▸ **INFORMATION PROVIDED**:
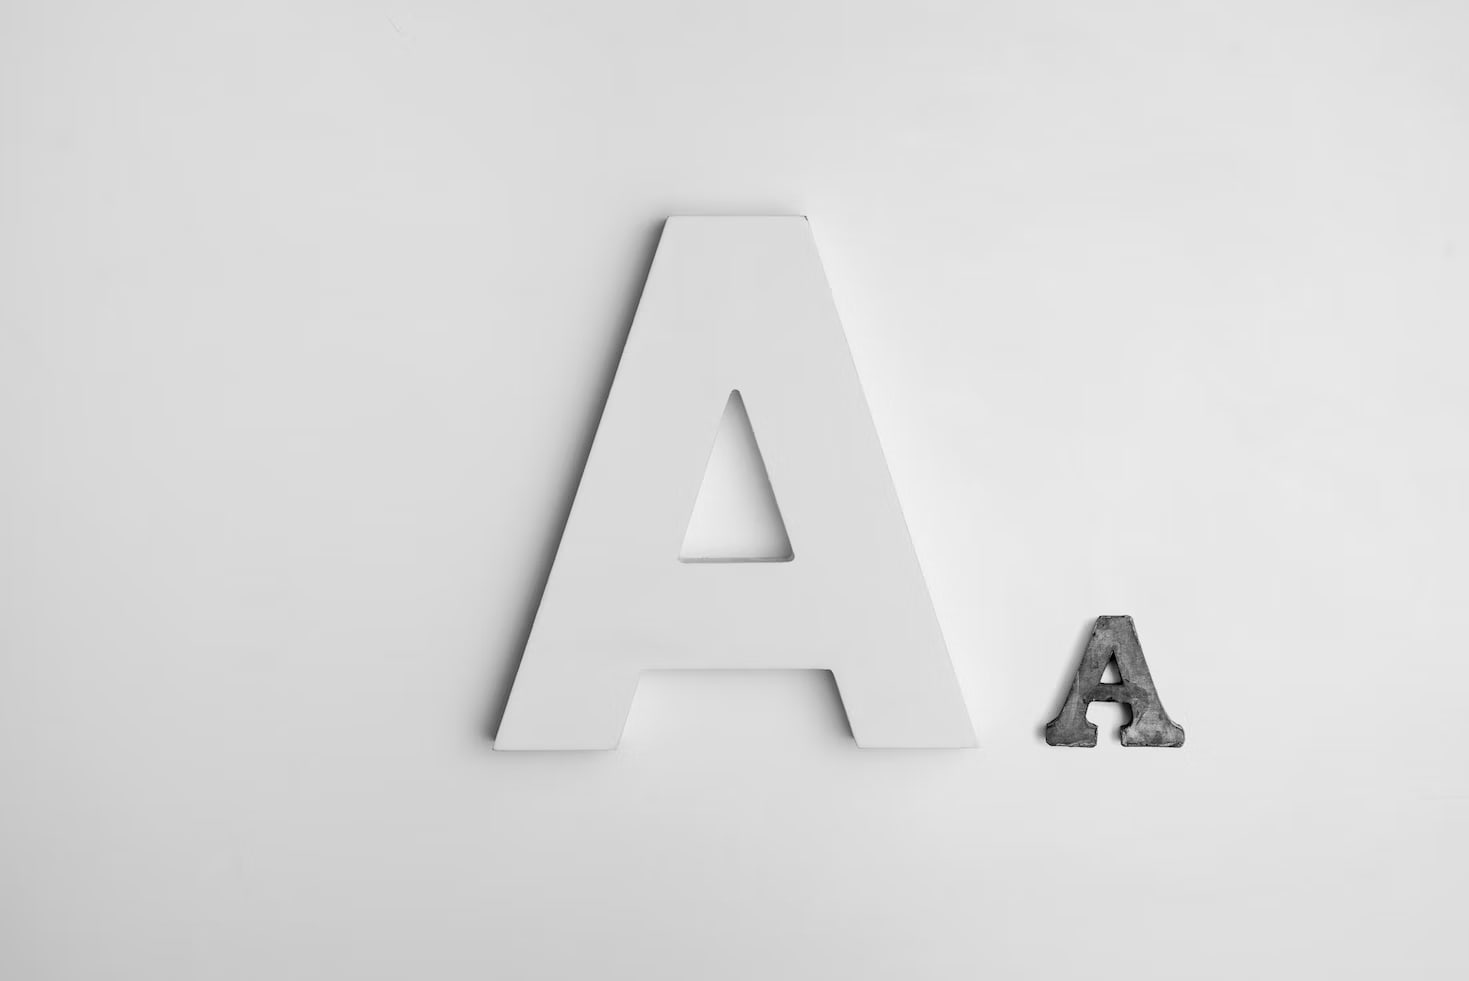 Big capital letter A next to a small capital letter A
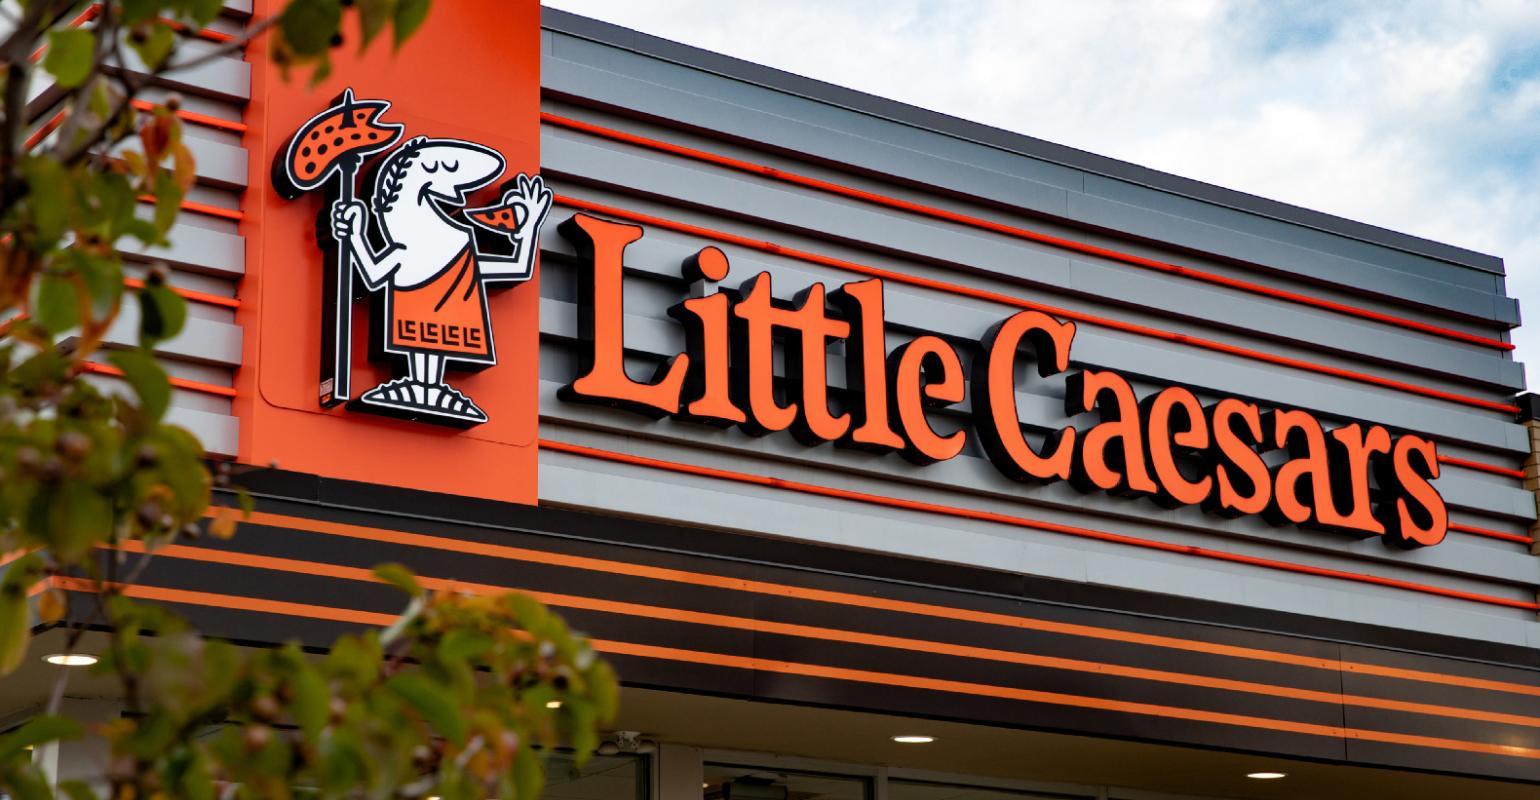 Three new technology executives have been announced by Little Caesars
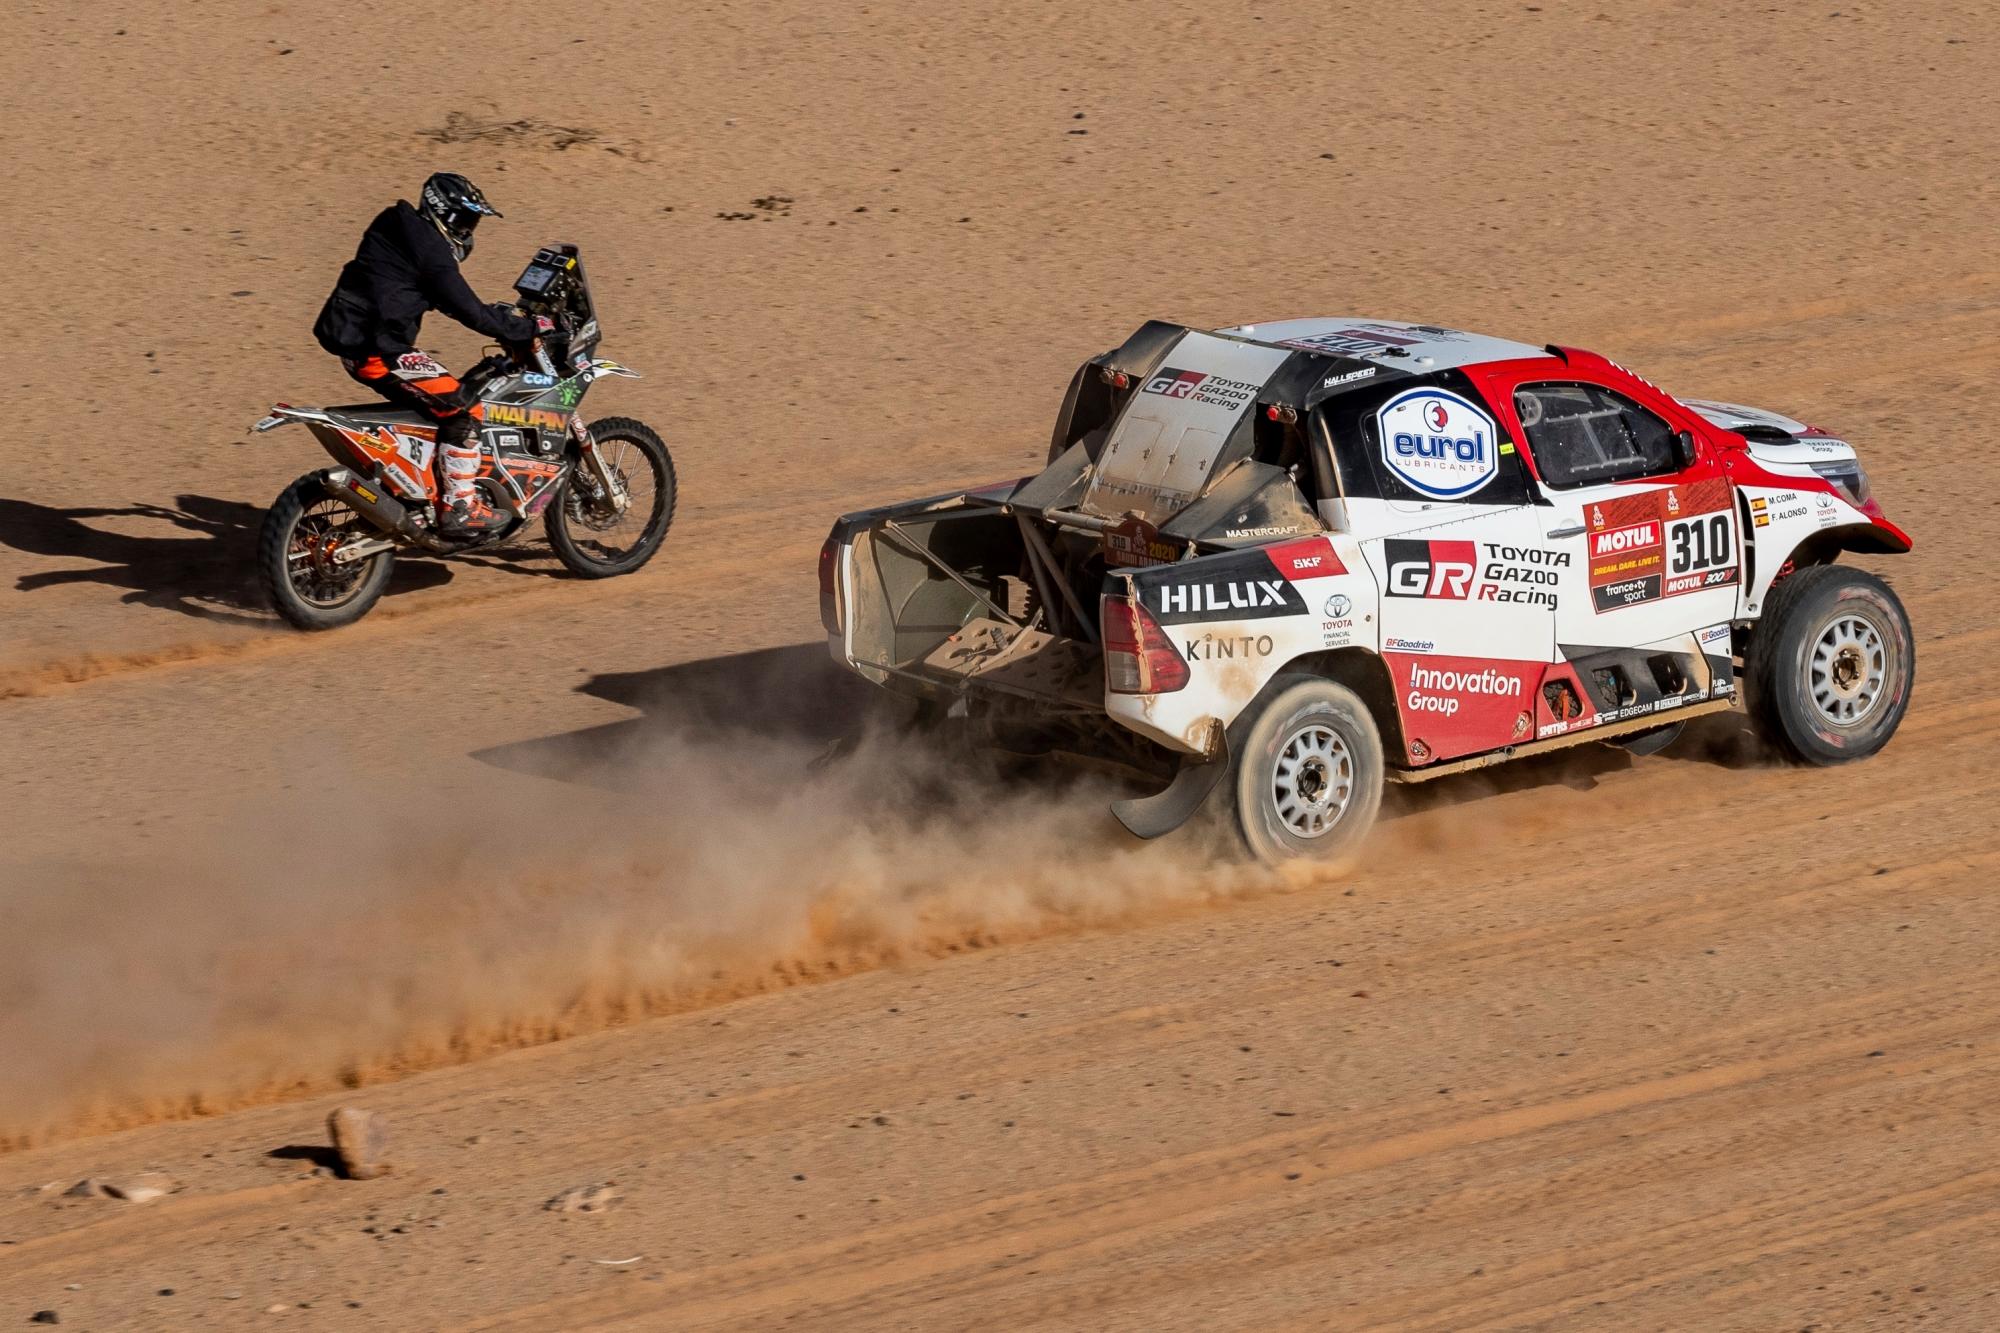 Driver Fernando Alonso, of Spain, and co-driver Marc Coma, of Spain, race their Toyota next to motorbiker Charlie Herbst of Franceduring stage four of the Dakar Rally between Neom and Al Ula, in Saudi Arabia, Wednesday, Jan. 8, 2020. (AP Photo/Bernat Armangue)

▸ **INSTRUCTIONS FOR THE TASK**: In the copy, include no pictures, but repeat the listing exactly.

▸ **EXPECTED ANSWER**:
 Big capital letter A next to a small capital letter A
 Three new technology executives have been announced by Little Caesars
 Driver Fernando Alonso, of Spain, and co-driver Marc Coma, of Spain, race their Toyota next to motorbiker Charlie Herbst of Franceduring stage four of the Dakar Rally between Neom and Al Ula, in Saudi Arabia, Wednesday, Jan. 8, 2020. (AP Photo/Bernat Armangue)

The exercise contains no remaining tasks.